### Assignment
What you return should be the complete listing, unchanged, with no pictures in it.

### Raw data
══════
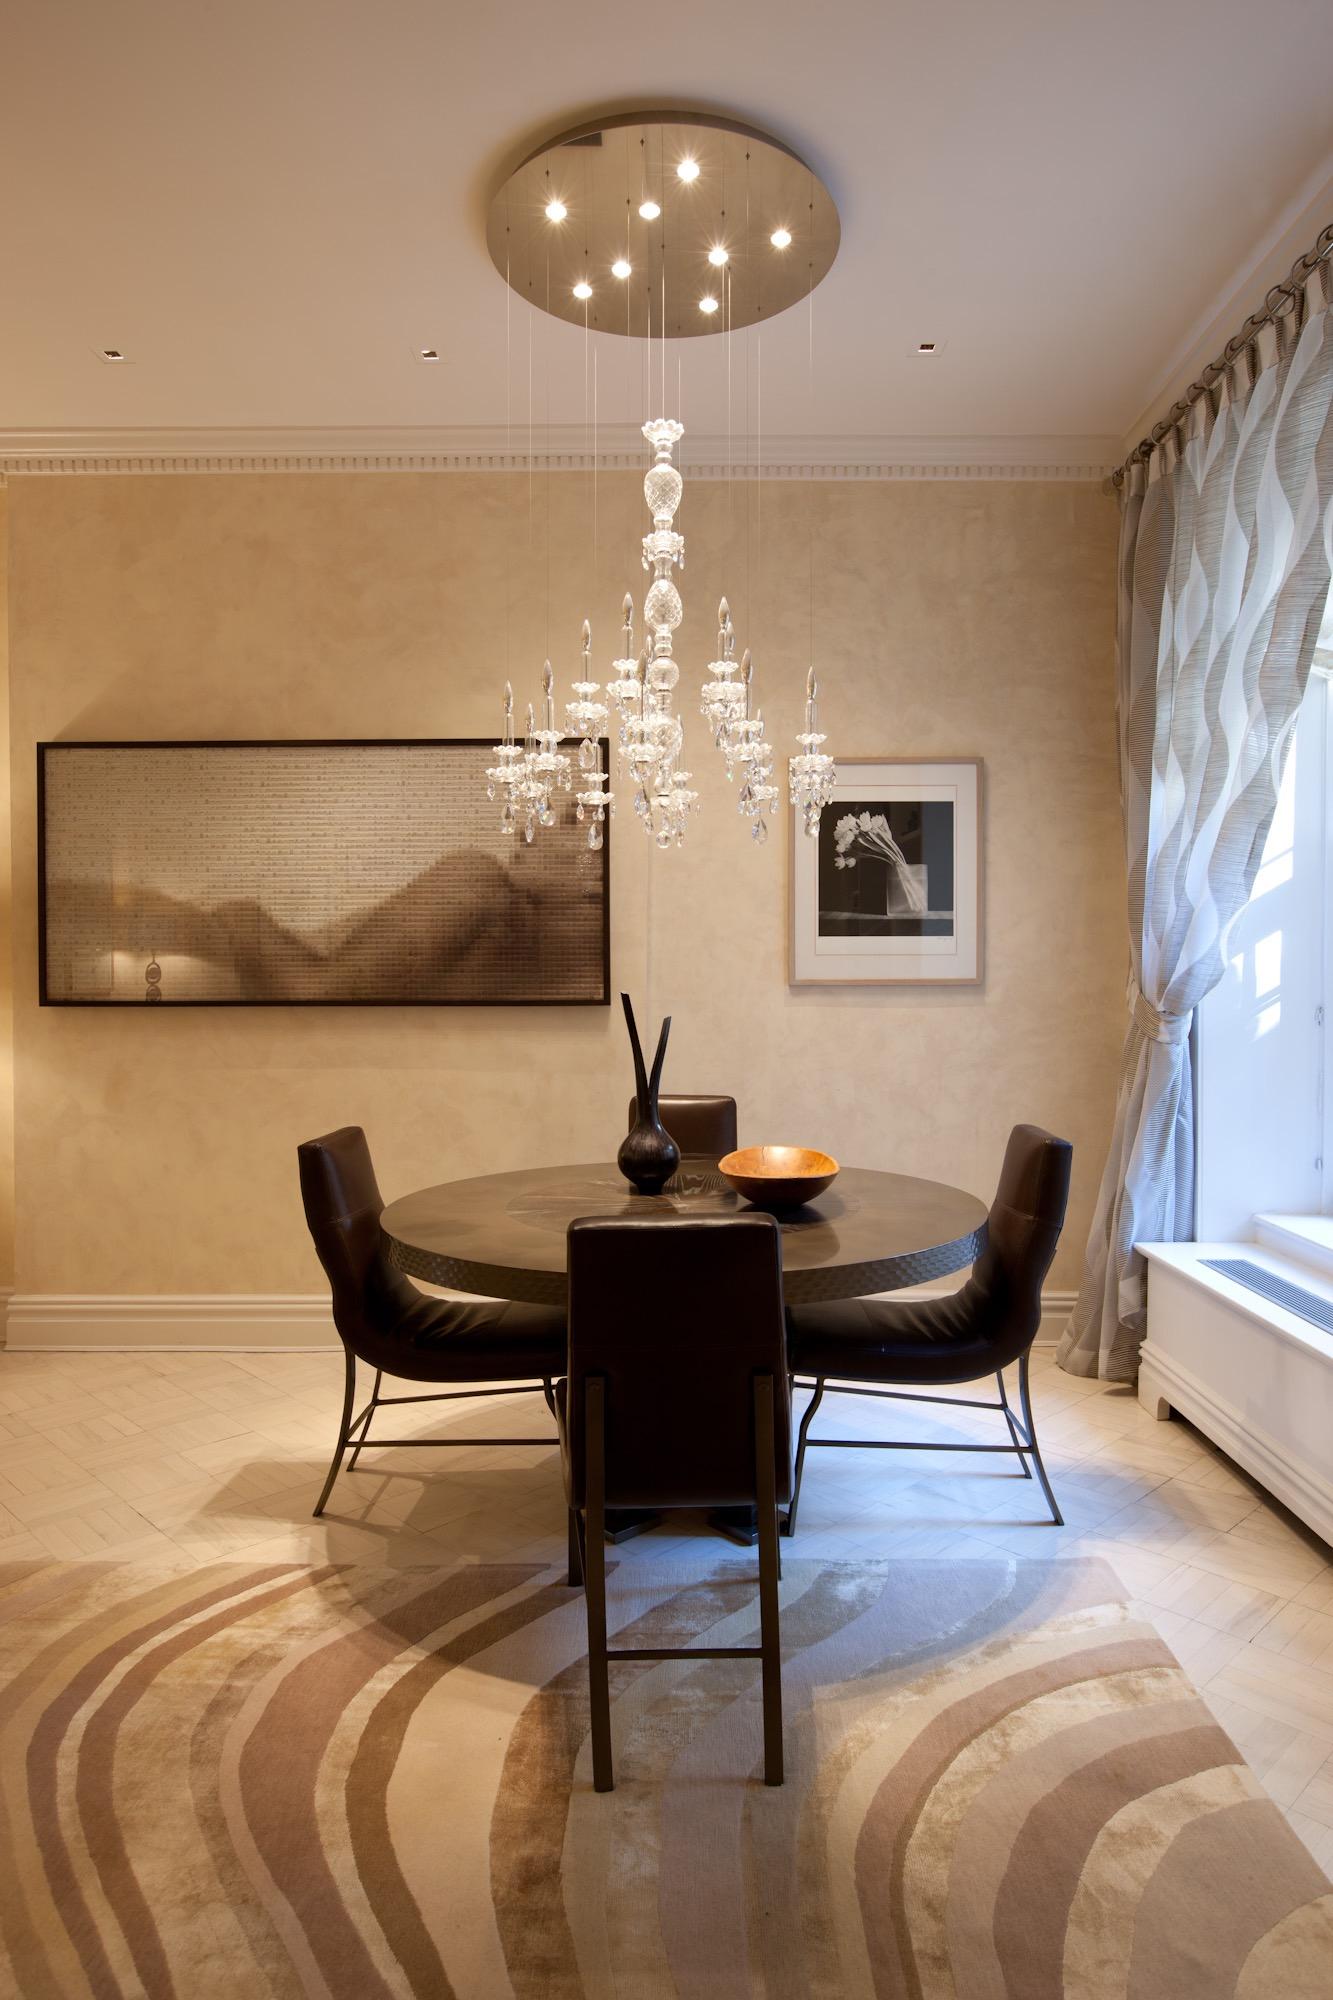 sophie-harrison-amathea-luxury-interior-design-for-professional-women-neutral serene modern dining room.jpg
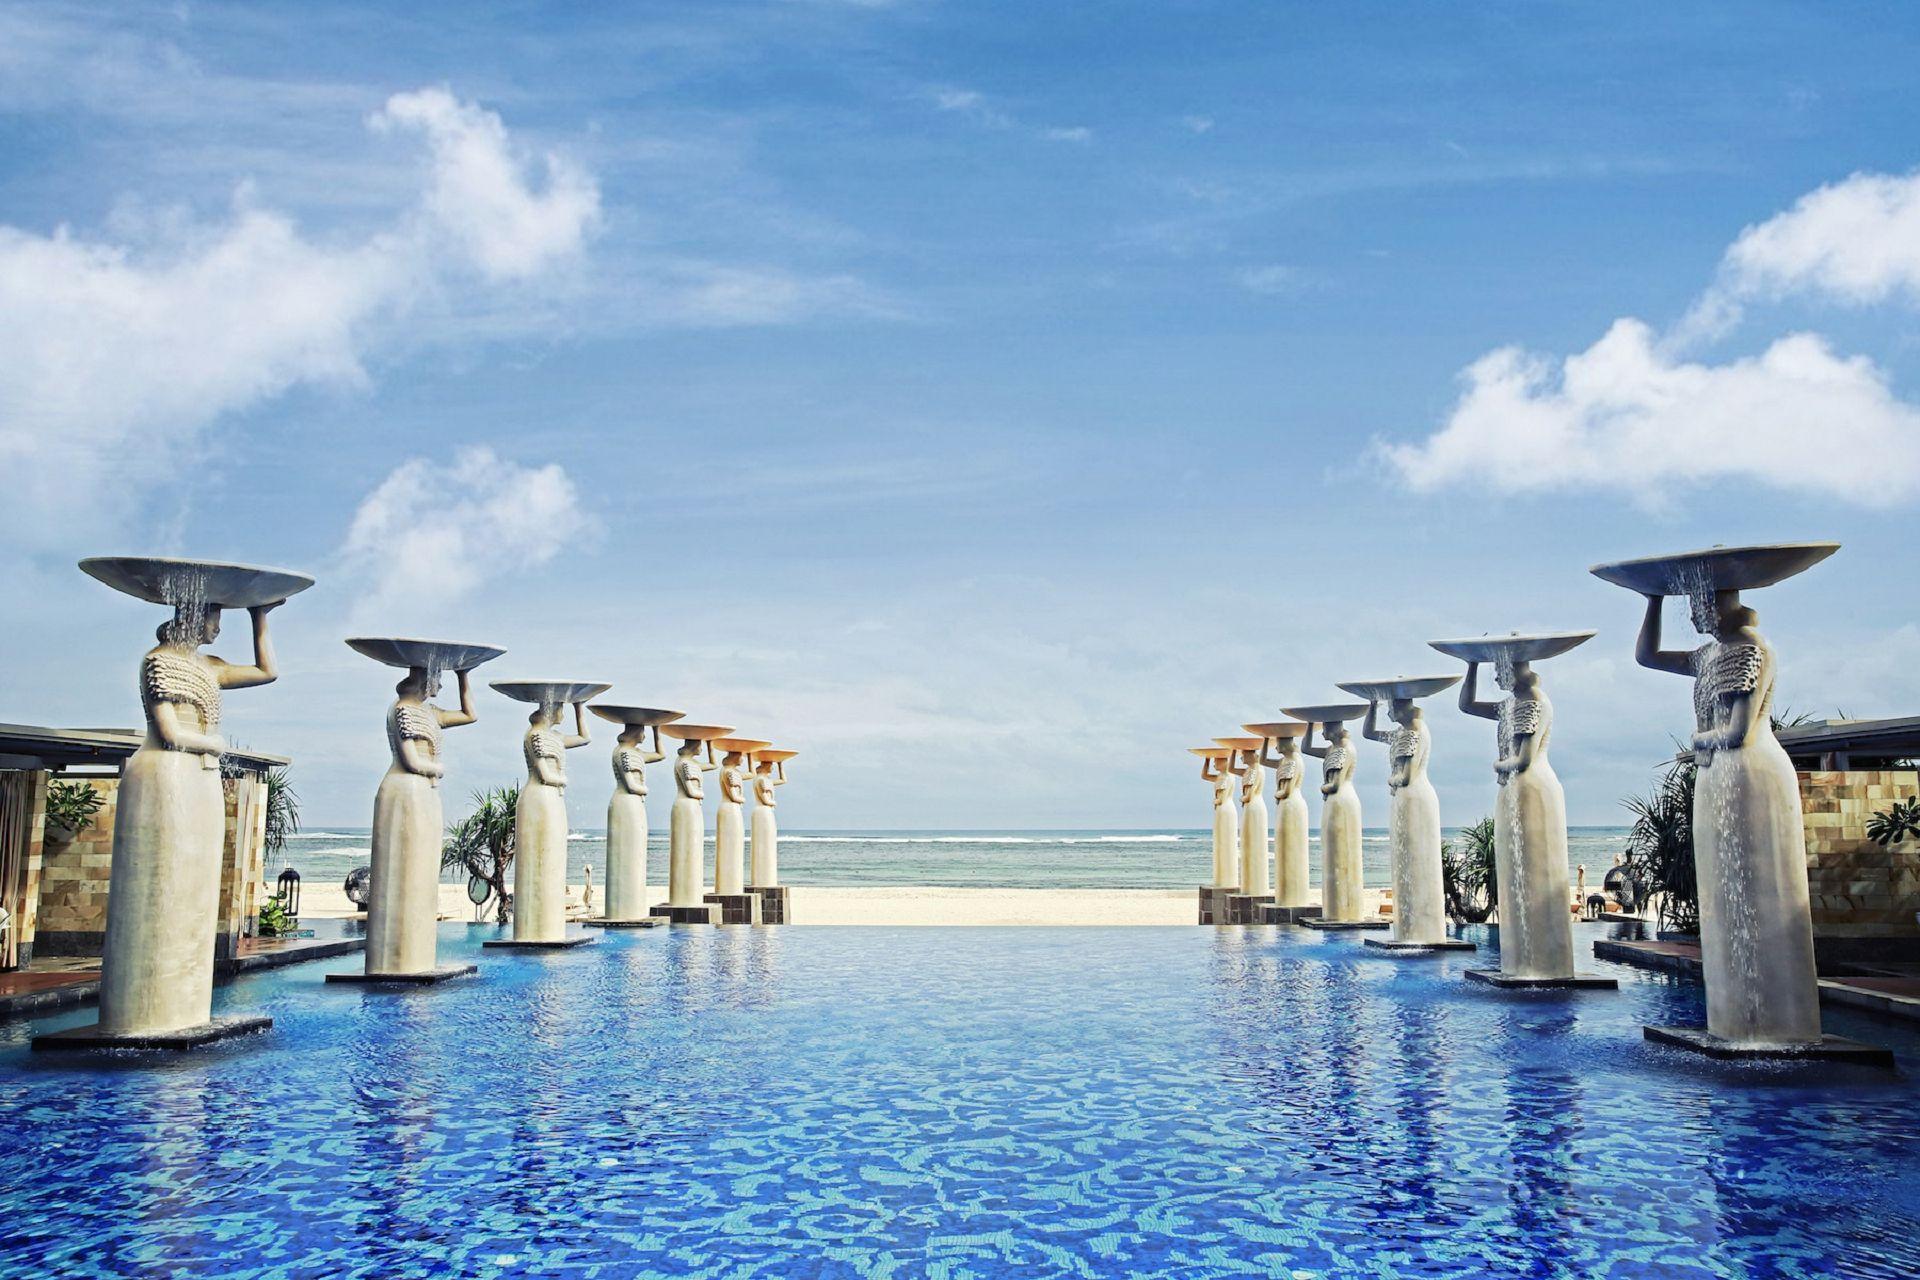 Bali-HD-Wallpaper.jpg (1920×1280)   Bali, Hotel piscine ...
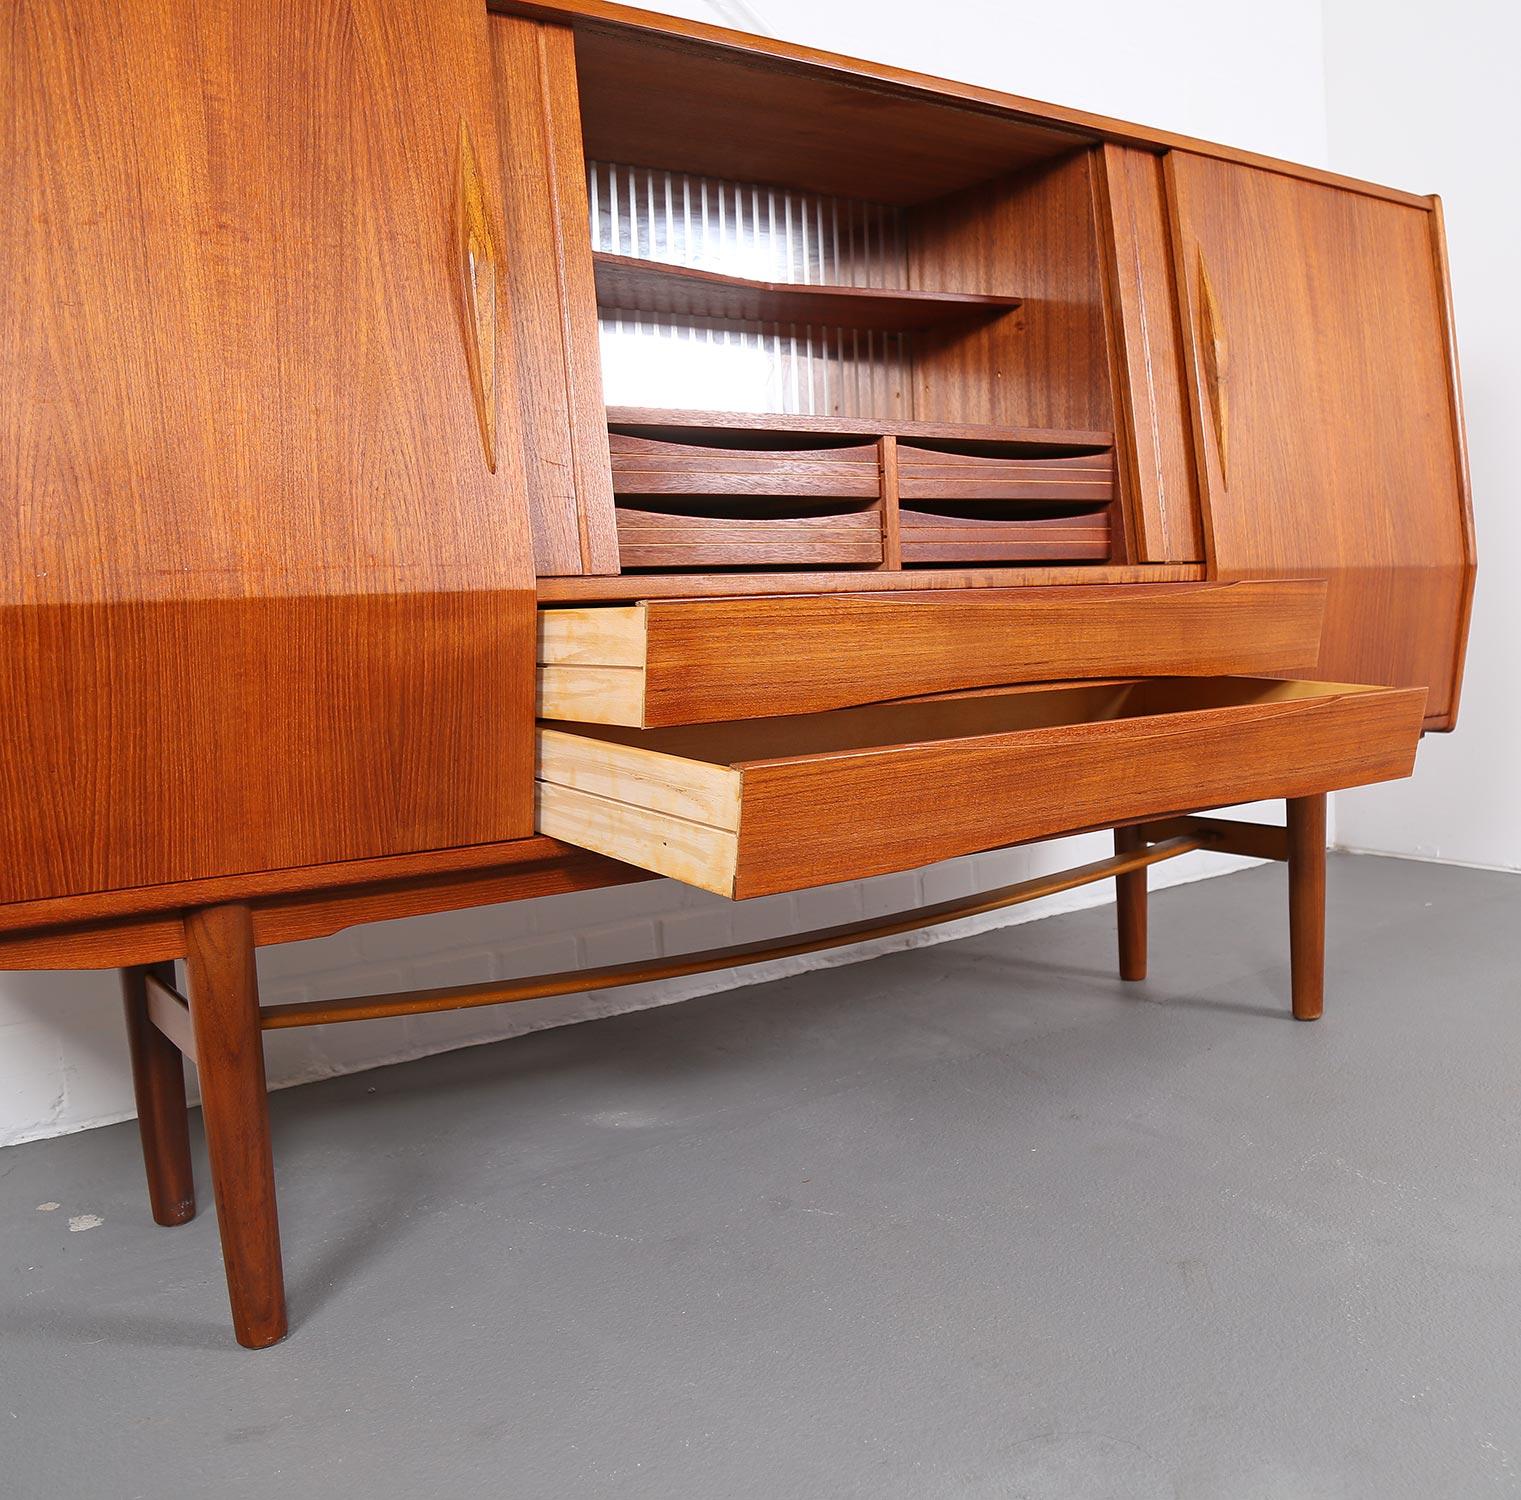 geometric danish design teak sideboard credenza dekaden. Black Bedroom Furniture Sets. Home Design Ideas
══════
### Answer box
 sophie-harrison-amathea-luxury-interior-design-for-professional-women-neutral serene modern dining room.jpg
 Bali-HD-Wallpaper.jpg (1920×1280)   Bali, Hotel piscine ...
 geometric danish design teak sideboard credenza dekaden. Black Bedroom Furniture Sets. Home Design Ideas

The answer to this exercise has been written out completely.